For more information, visit www.MarriottsLakeshoreReserve.com.


----------



## Docklander (Jul 10, 2008)

The link just seems to take me to the MVCI home page/my account and I can't see a link to the new resort. Anyone else have this problem?


----------



## Phillie (Jul 10, 2008)

*yes me too*

yes me too.


----------



## Steel5Rings (Jul 10, 2008)

Man, I don't understand why folks on this board are constantly knocking Orlando.

I get awesome trades with my Grande Vista. Just landed Frenchman's Cove for spring 2009 with my GV week.  And I bet I have some of the lowest MF's in the system at GV.

So much for the prevailing argument on this board about Orlando being over run with Timeshares....apparently there is enough demand even with the "overpopulation of resorts" cited on this board, that Marriott thinks they can make money opening another resort.....clearly the demand exists even if their are already a number of resorts online.... Marriott is willing to shell out several hundred million on the project.

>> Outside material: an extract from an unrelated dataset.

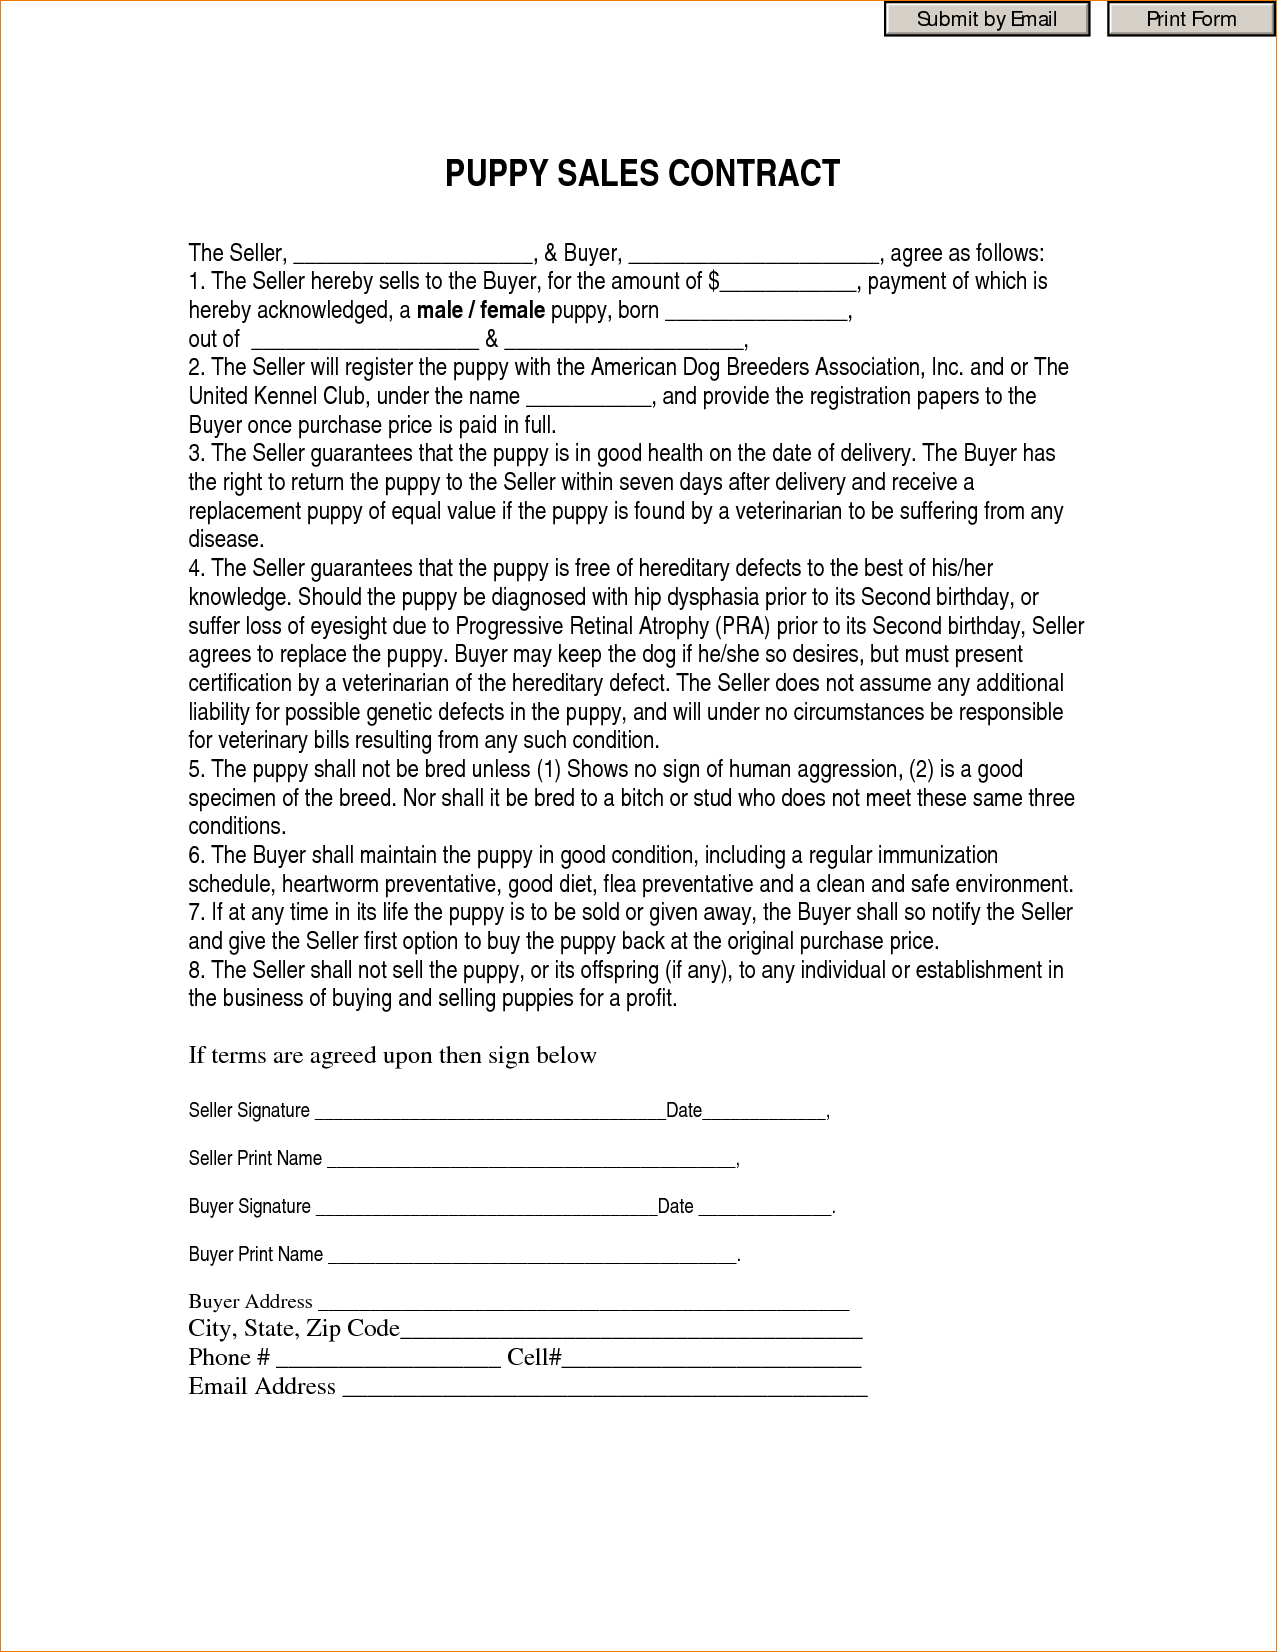 Free Printable Puppy Sales Contract | Free Printable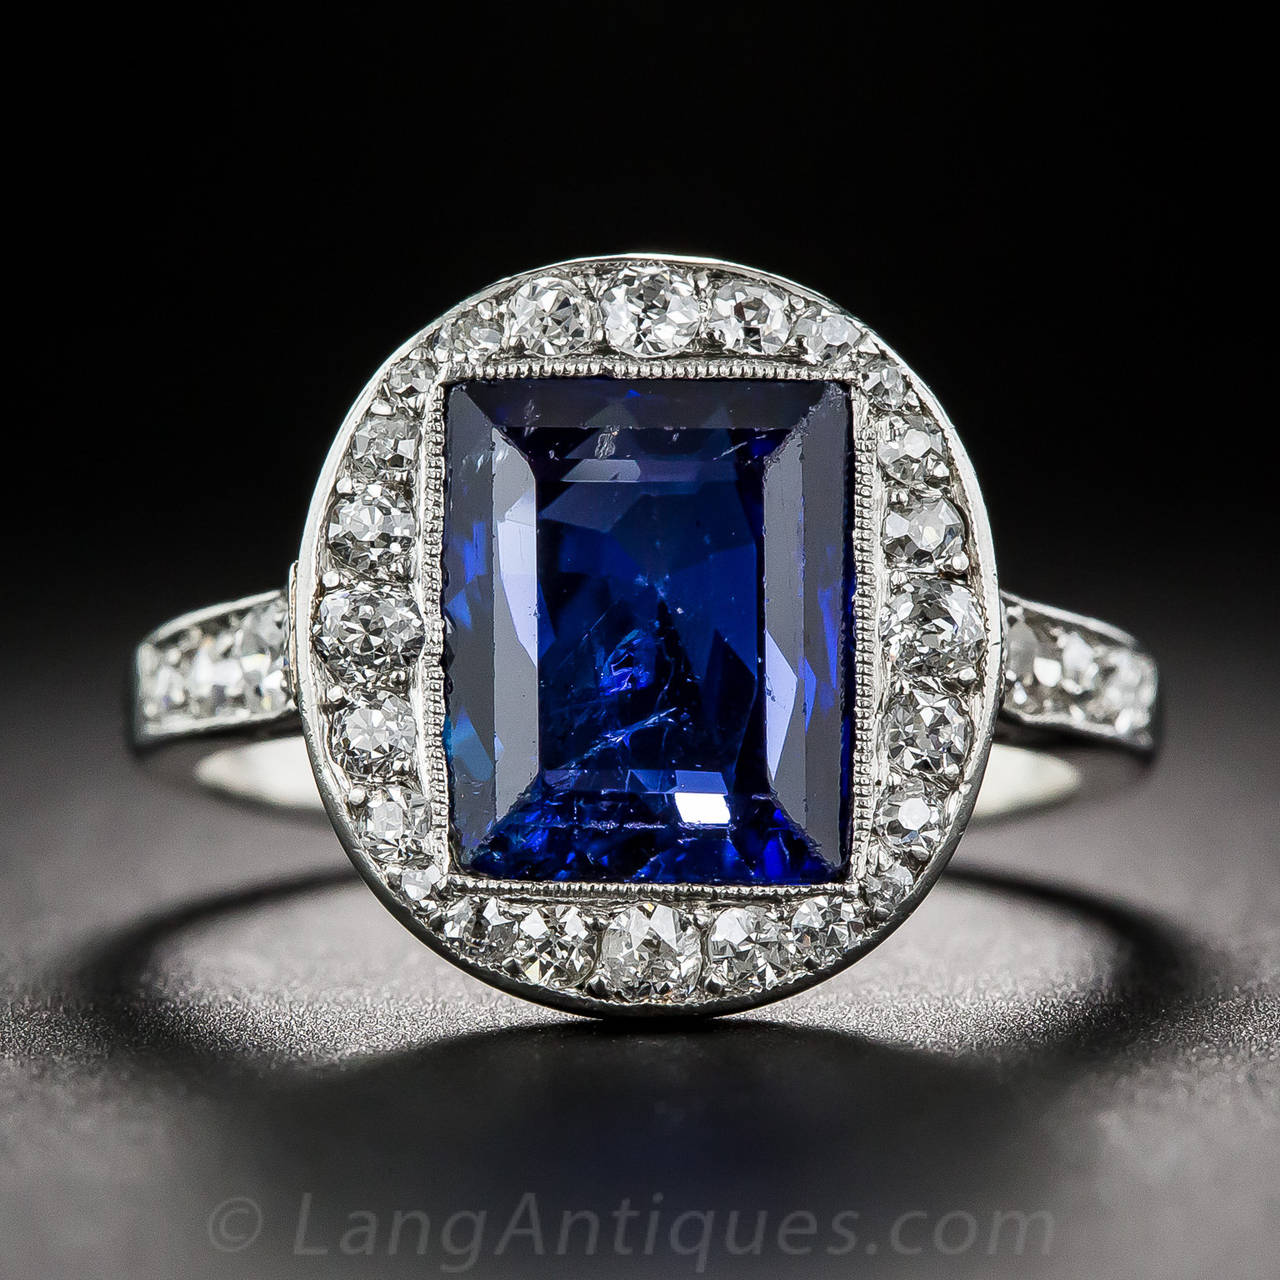 From the apex of the Art Deco period - circa 1925 - via Paris, France, comes this exquisite platinum and diamond jewel featuring a rich and ravishing, royal-blue, natural emerald-cut sapphire originating from the long ago exhausted mines of old

Ever try to get a week at a top Marriott in Orlando during spring break, Easter, Christmas or Thanksgiving...it can be tough.

Yeah, you can find some great getaways in August for Orlando, but who the heck wants to be at Disney in the August heat....just like you can find some great getaways at Grande Ocean in the off season.


----------



## dioxide45 (Jul 10, 2008)

Another Florida resort that is unlikely to be included in the Florida Club  . I personally don't mind another Orlando Marriott TS. It will be a smaller but more upscale resort. I look forward to exchanging in to it in about 5 years. I am sure that by that time a number of restaurants and shopping will have built up in this area. While it is a little out of the way, it really isn't a far drive from Cypress Harbor, Grande Vista, and Horizons resorts.
We drove by the resort many times on our last trip to Orlando, and it does look great. The artist rendering looks great. I just know that I won't be buying one any time soon at the prices they will be asking.


----------



## TheTimeTraveler (Jul 10, 2008)

Why would one think that this new Marriott Orlando resort would be included in the Florida Club?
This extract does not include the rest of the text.